Лодочных мастеров в Сергах было раз-два и обчелся, делали лодку они обстоятельно, встречались с заказчиком, обсуждали форму и стать судна. Красили в зеленый или голубой цвет. Голубой цвет вообще был в чести у сергинцев: жестяные крыши домов красились ультрамарином, оградки и кладбищенские памятники, сваренные из металлических труб, что на Крутом рву, все как один – голубые.

Мать давно жила в городке, далеко от пруда, но заказала лодку для своих сыновей, прилетавших, как гуси, на лето в Серги. Ставила ее на наше родовое место, у моего двоюродного брата Юрки. Но когда он запил «по-черному», стал жить бобылем, не заботясь о суетном бытии, перегнала лодку в Загорную к другому племяннику Мартьянову Сашке, Шурику. Там она и закончила свой век, оставив после себя голубое днище, как небесную прореху в земле, которая постепенно заросла кучерявой травкой, конским щавелем и сырой снытью. Прошлой зимой и сам Сашка умер, покосился, подогнул колени, упал на дворе, опрокинув ведро, полное тяжелой прудовой водой, взятой из проруби. Это была единственная прорубь на весь пруд, каждую зиму только он один из сергинцев прорезал напротив своего дома отверстие во льду, делал прорубь каждую зиму, может, полвека или больше. Вечером, перед сном, и рано утром разбивал топором свежий ледок, нельзя пропустить, иначе затянется прорубь. Сейчас нет этой проруби, больше не будет.

Загорная была последней улицей после Нудовской, проходя за гору Кукан, обрастая проулками, превращалась в тропку в сыром еловом лесу. Здесь всегда темно в конце дня – гора заслоняла послеполуденное солнце, а по утрам я там не бывал. А на улице Нудовской между горой и прудом всегда светло, многолюдно, на берегу – купалка, любимое место нижнесергинской молодежи. Горячие серые доски, настеленные на сваи, огорожены перилами. По утрам здесь сидели рыбаки, забросив удочки на окуньков и плотву. С настила было удобно ловить раков на сетки. Когда купалку сломали, остались гнилые бревна, торчавшие из воды, как зубы утонувшего дракона. Сейчас и этих бревен нет. И раков нет. Вообще туда теперь не пройдешь, нынешние жильцы соседних домов возвели кругом заборы, набросали на берег битое стекло, чтобы случайные купальщики порезали ноги, пройти теперь с улицы через глухие кусты крапивы невозможно даже бродячей козе. А ведь когда-то с Нудовской спускались по заросшему травой проулку к пруду, к полянке на берегу, к лодкам, к плотику, прямо на купалку. Сейчас этот проулок оккупировали косые металлические гаражи и глухие ворота нынешних жильцов. Однажды там, за нашим огородом, сидя на зеленой травке летним тихим вечером, я и увидел водолазов.

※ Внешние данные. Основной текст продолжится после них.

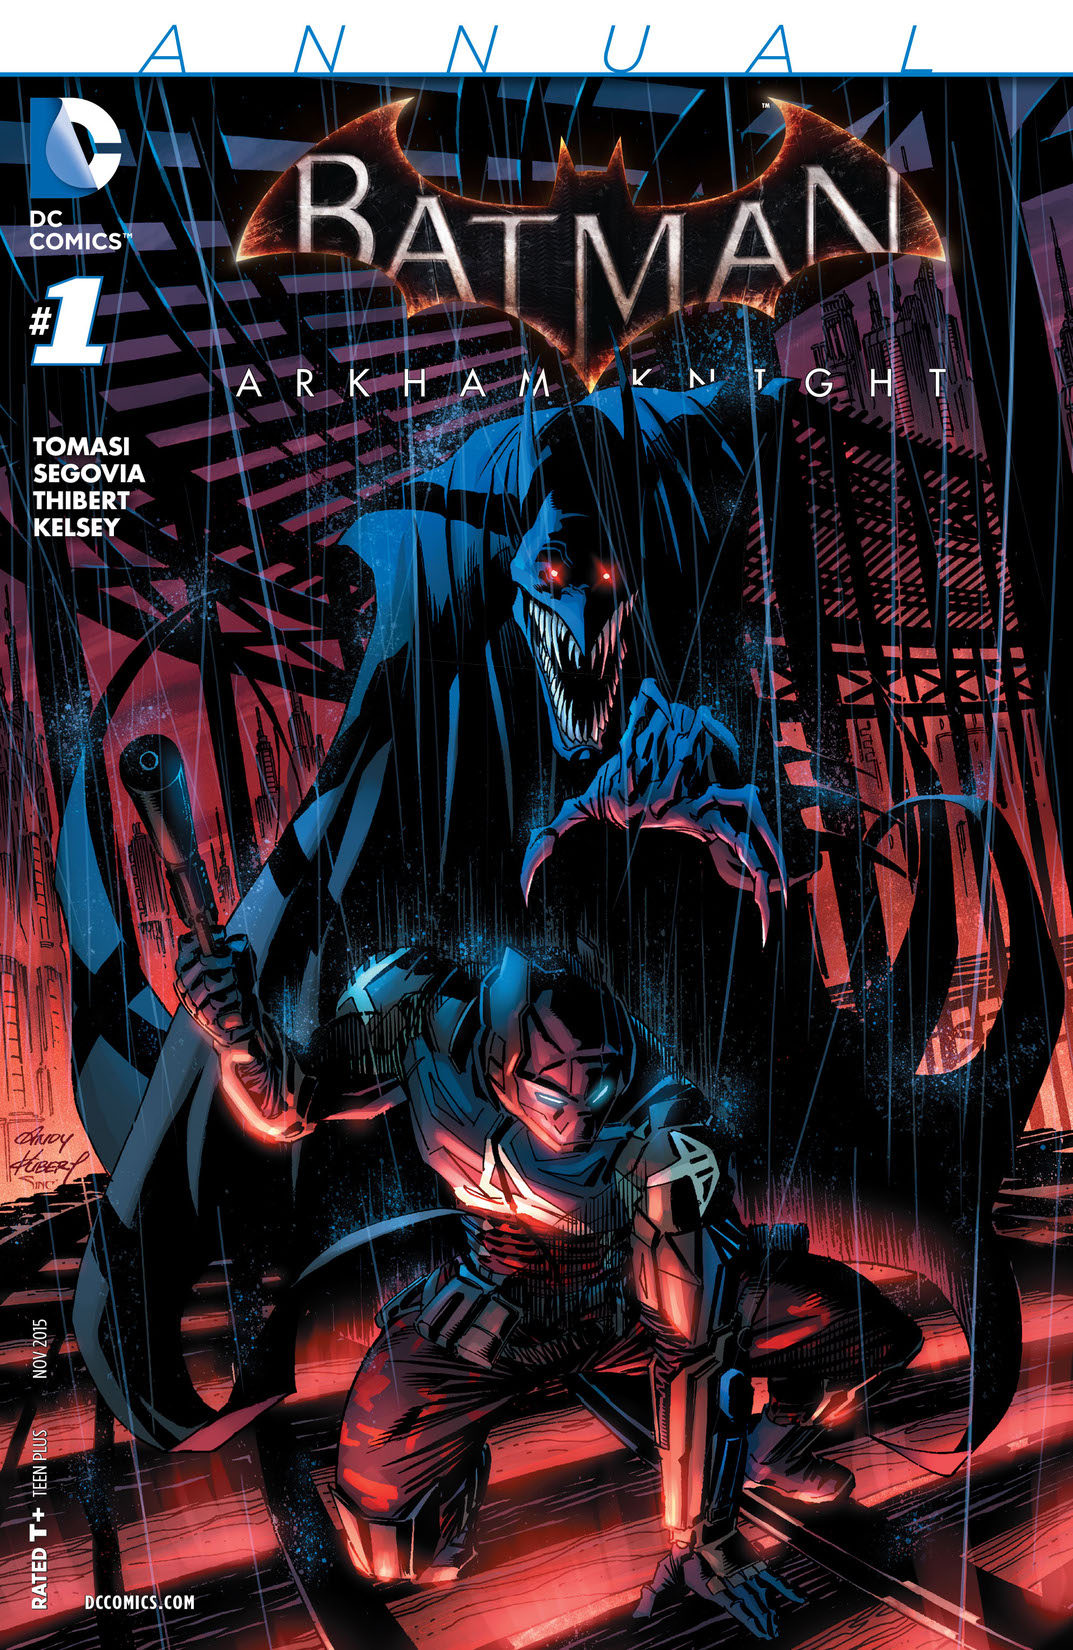 Batman: Arkham Knight Annual #1 preview images

Когда-то в стародавние времена про сумасшедших водолазов слагали песни
я же впервые увидел их в шесть лет или около того на Урале
Они вышли на берег заводского пруда мокрые золотоголовые
с блестящей черной кожей усыпанные ракушками
в складках штанов копошились ручейники
на свинцовых галошах висли венки из подводных растений
В голове первого плавала рыба в голове
второго трепетала птица
стуча металлическим клювом в наблюдательное окошко
Водолазы вынесли белое тело призывника Володи Солохина
и положили его на ярко-зеленую травку
Он лежал как мраморная статуя какого-то юного греческого бога
как-то расслабленно даже слишком спокойно с закрытыми глазами
словно спал паренек утонул по глупости из-за бравады
на спор решил переплыть пруд выпил-то совсем немного
пару стаканов белой гуляли на проводах в армию так и не проводили
нет проводили на третий день на кладбище глупо вышло
говорили его друзья мать жалко
Водолазы не остались на похороны они сели тогда же
в синюю плоскодонку опустили весла в черное тело воды и поплыли в верх пруда
Два черных силуэта долго еще маячили вдалеке пока не пропали
в тени соснового прибрежного бора
Так я впервые узнал про водолазов
больше я никогда их не видел
разве только во сне.

У водолазов нет родины. Вернее, она есть, но там, где они родились и живут, ее нет. Нет ее и рядом, нет и за тысячу миль от места их обитания, как бы ни искали сами водолазы внешние признаки родины на земле. Переходя с места на место, гнездясь где попало, обживаясь на косогорах, строя убежище на краю оврага, водолазы не думают о будущем их поселений. Линии горизонтов замыкают страну водолазов со всех сторон, создавая мнимое пространство обитания. Каждую секунду государство водолазов меняет свои очертания. Стоит только пройти два-три шага водолазу – посмотреть в сторону дымчатых сопок, как начинают небесные картографы стирать ластиками прежние границы, наносить новые, потом опять стирать и вымарывать, и так бесконечно, превращая карты в грязные лоскуты, в пыль, оседающую на дороги.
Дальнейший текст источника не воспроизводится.